Wertpapier
Eigenschaften und Tabellenspalten
Die Kombination ISIN und Währung sind einzigartig. Damit ist es unmöglich dasselbe Wertpapiere, d.h. ISIN/Währung mit unterschiedlichen Handelsplätzen zu erfassen. Zudem können diese nach der erstmaligen Speicherung nicht mehr geändert werden.
- Name: Bei Anleihen und Wandelanleihen sollte der Name mit dem Zinssatz des Kupons beginnen. Zum Beispiel “0.0219 IBK 19-25” für die Anleihe der Industrial Bank of Korea. In GT gibt es eine Funktionalität, die den Zinssatz aus dem Namen liest, siehe dazu Rendite bis zur Fälligkeit. Zudem wird der Zinssatz nirgendwo sonst im Wertpapier gespeichert.
- Gehebelt Inverse: Kennzeichnet ein gehebeltes und/oder inverses Instrument. Eine offene Position erhöht gemäss dem positiven oder negativen Hebel die entsprechende Marktpräsenz in der entsprechenden Anlageklasse. Dies wird nur für die ETF und ENT Finanzinstrument unterstützt. Bei einem inversen Wertpapier wird dieser Faktor negativ sein.
Anlageklasse
- Mit der Wahl der Anlageklasse ändert sich die Sichtbarkeit des Reiters “Wertpapier-Split/s”. Für Anleihen und Wandelanleihen kann kein Split erfasst werden. Zudem muss der gewählte Handelsplatz Kursdaten liefern, andernfalls kann das Wertpapier keinen Split haben. In GT kann ein Handelsplatz auch ohne Kursdaten definiert werden.
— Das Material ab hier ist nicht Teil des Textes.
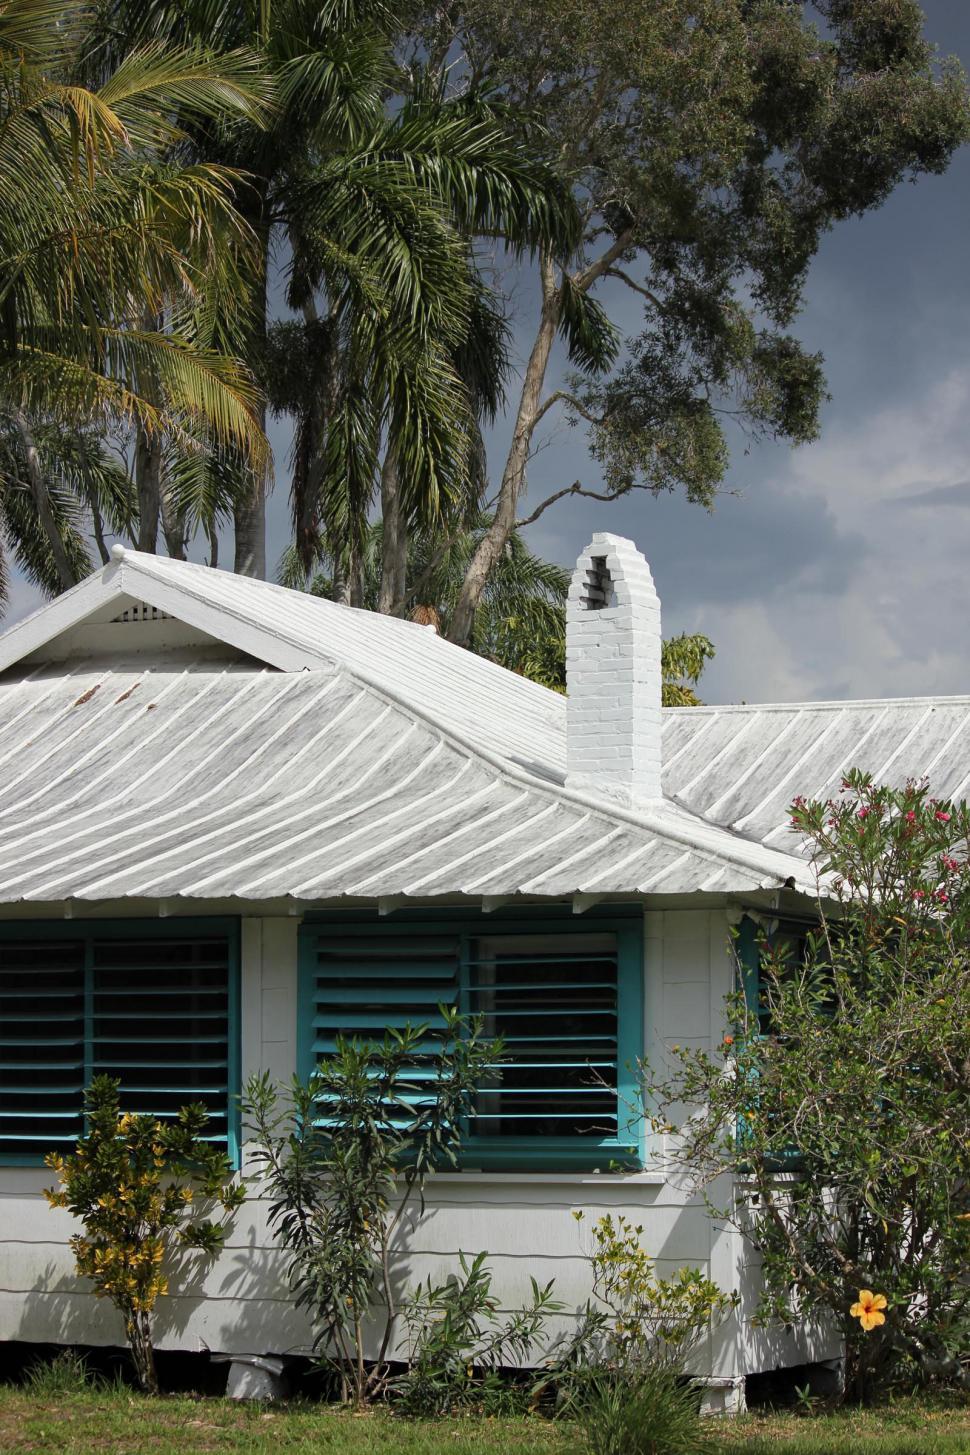 Free Image of Florida KeysKeys House

- Die Wahl der Eigenschaft Anlageklasse beeinflusst auch die Sichtbarkeit von anderen Eigenschaften wie beispielsweise von Stückelung.
- Die Eigenschaften Anlageklasse und Finanzinstrument können bei einem bestehenden Wertpapier mit einer oder mehreren Transaktion/en nicht mehr geändert werden.
Stückelung
Bei Anleihen ist dies die kleinste handelbare Einheit, bei Festgeldern der Kurs. Derzeit gibt es keine Validierung bei Käufen und Verkäufen. Es ist daher möglich, dass ein zahlungsunfähiger Gläubiger für die teilweise oder vollständige Rückzahlung andere Stückelungen wählt. Bei Anleihen hat diese Angabe daher vor allem Informationscharakter.
Handelsplatz
- Falls ein Handelsplatz ohne Kursdaten gewählt wird, dann erhält der Dialog den Reiter “Historische Kurse für Periode”.
Reiter “Historische Kurse für Periode”
Siehe dazu Wertpapier ohne Kursdaten.
Reiter “Wertpapier-Split/s”
Wie im Kapitel Historische Daten erwähnt, wird ein Split von Datenquellen eingelesen. Es kann vorkommen, dass die Datenquelle den Split nicht zeitlich akkurat nachführt. Aus diesem Grund kann ein Split auch manuell erfasst werden. Ein Split der manuell erfasst wurde, wird von System nicht überschrieben oder entfernt.
Ein Split wird erfasst, indem das Split Datum, die Aus Anzahl und die Wird Anzahl eingegeben werden und anschliessend Übernehmen angeklickt wird. Der neue Eintrag erscheint danach in der Tabelle unterhalb des Formulars. Das Verhältnis Aus Anzahl : Wird Anzahl beschreibt den Split: Bei 2 : 1 wird aus einer Aktie deren zwei, 3 : 2 entspricht einer Zusammenlegung. Durch Auswahl einer Zeile in der Tabelle lässt sich der Eintrag bearbeiten oder löschen. Wird ein bereits vorhandenes Datum erneut erfasst, so überschreibt der Eintrag den bestehenden für dieses Datum, anstatt ihn zu verdoppeln. Die Änderungen werden erst gespeichert, wenn das ganze Wertpapier gespeichert wird.
Maximale Anzahl Splits
Pro Instrument können standardmässig bis zu 20 Splits erfasst werden. Eine Administratorin oder ein Administrator kann diese Grenze über die globale Einstellung gt.max.instrument.splits anpassen. Die Fusszeile der Tabelle zeigt die aktuelle Anzahl und das erlaubte Maximum an.